AMBUNTEN-Sabtu (05/08), Mahasiswa pesera Kuliah Kerja Nyata (KKN) Riset Partisipatif INSTIKA 2017 Posko XLI Desa Campor Barat, Kecamatan Ambunten Kabupaten Sumenep melaksanakan “Bimbingan Fiqih Kewanitaan” . Bimbingan tersebut dilaksanakan disalah satu masjid yang ada di desa Campor Barat dengan melibatkan ±100 peserta yang merupakan anggota kompolan yang memang biasa dilaksanakan pada hari Sabtu.
Semua peserta yang hadir sudah mencakup dari tiga dusun yang ada di campor barat yaitu dusun kolpo, campor, tanah merah.
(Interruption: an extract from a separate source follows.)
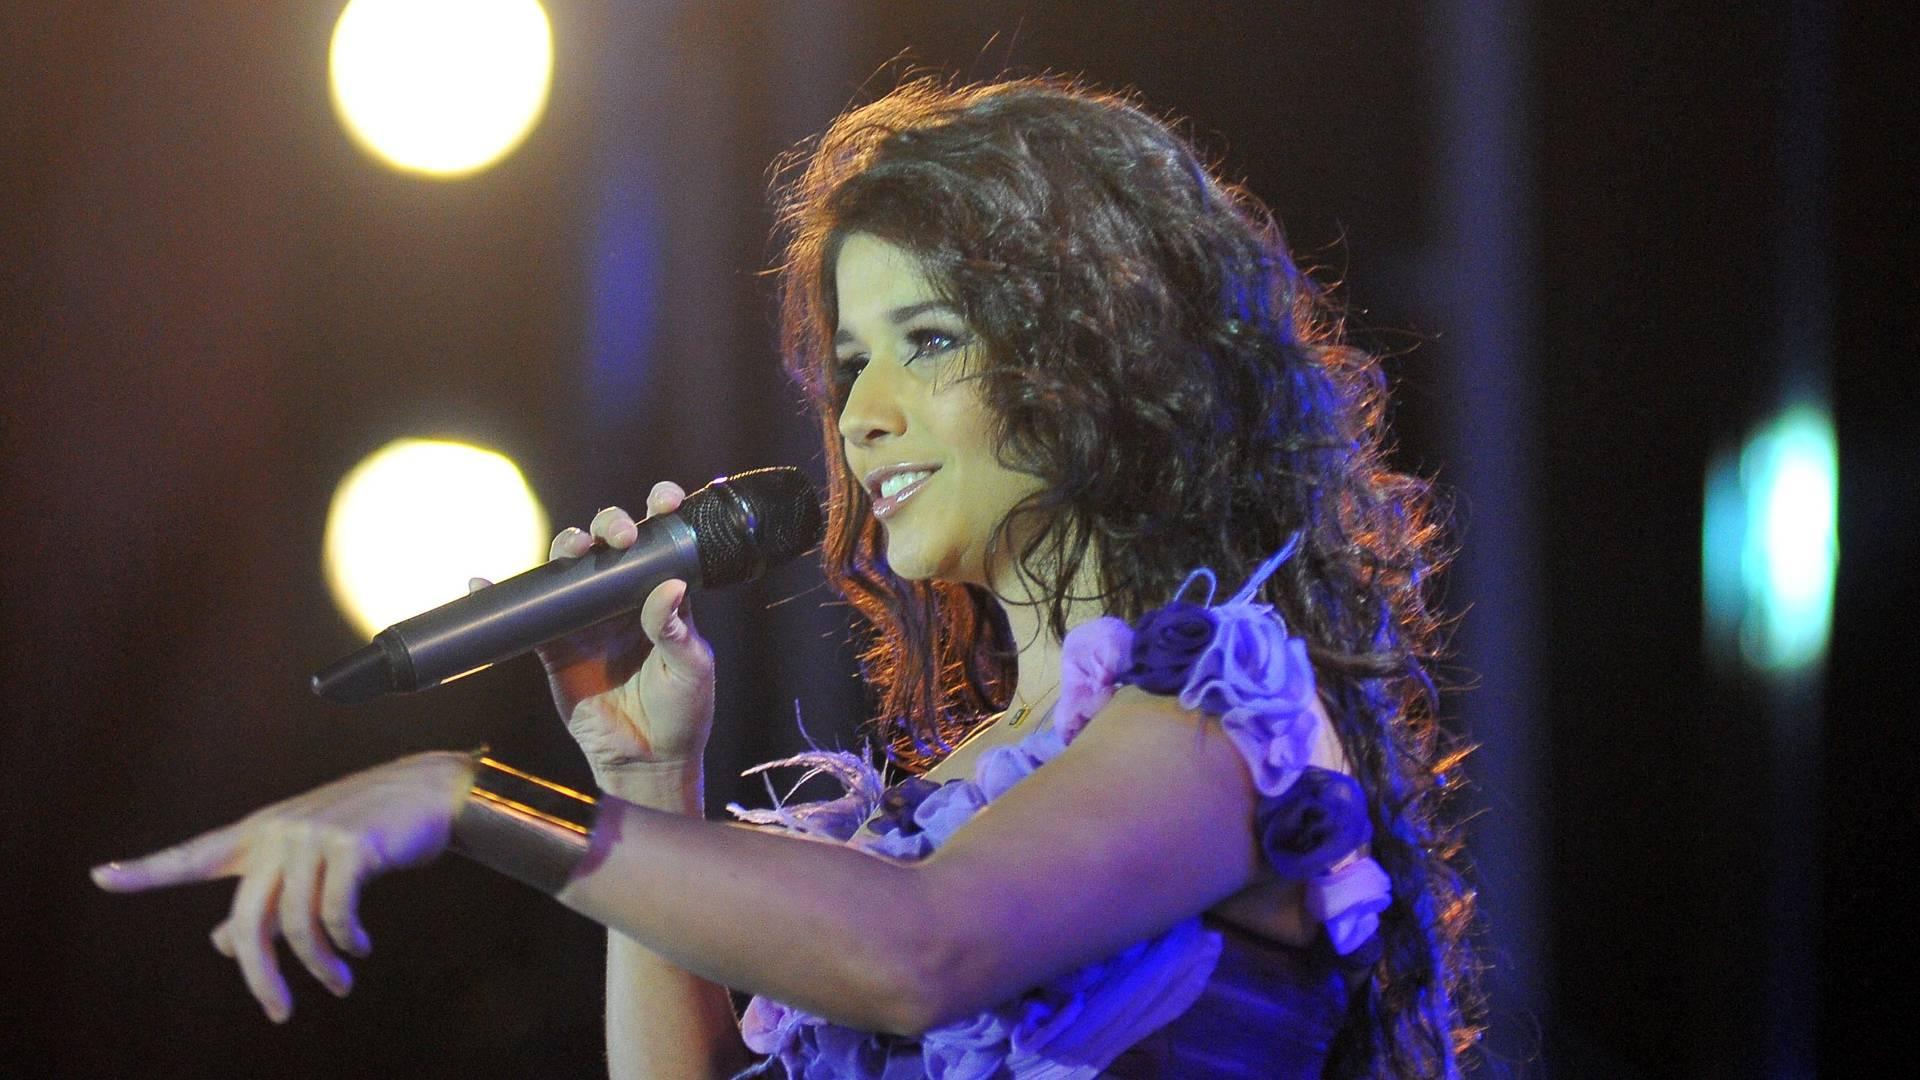 Cantora Paula Fernandes durante apresentação na Festa de Barretos (18/08/2011)

Penyaji yang hadir dalam bimbingan tersebut adalah ustad Rasyidi Aminullah, yang kebetulan beliau lulusan salaf sekaligus guru kami di Annqayah.
Qurratul Aini -sebagai ketua Posko, menyampaikan dalam sambutannya bahwa kegiatan ini bertujuan untuk membantu masyarakat supaya lebih paham tentang masalah darah khususnya kaum perempuan. Sedangkan harapan kami dalam mengadakan kegiatan ini adalah supaya para masyarakat khususnya kaum perempuan lebih berhati-hati dalam membedakan darah, karena sesuai dengan hadits Nabi saw. “Paling banyak ahli neraka adalah kaum hawa (perempuan)”. Dari itu, bagi kaum hawa janganlah menyepelekan untuk mendalami fikih keawanitaan. Setelah itu langsung diserahkan pada penyaji.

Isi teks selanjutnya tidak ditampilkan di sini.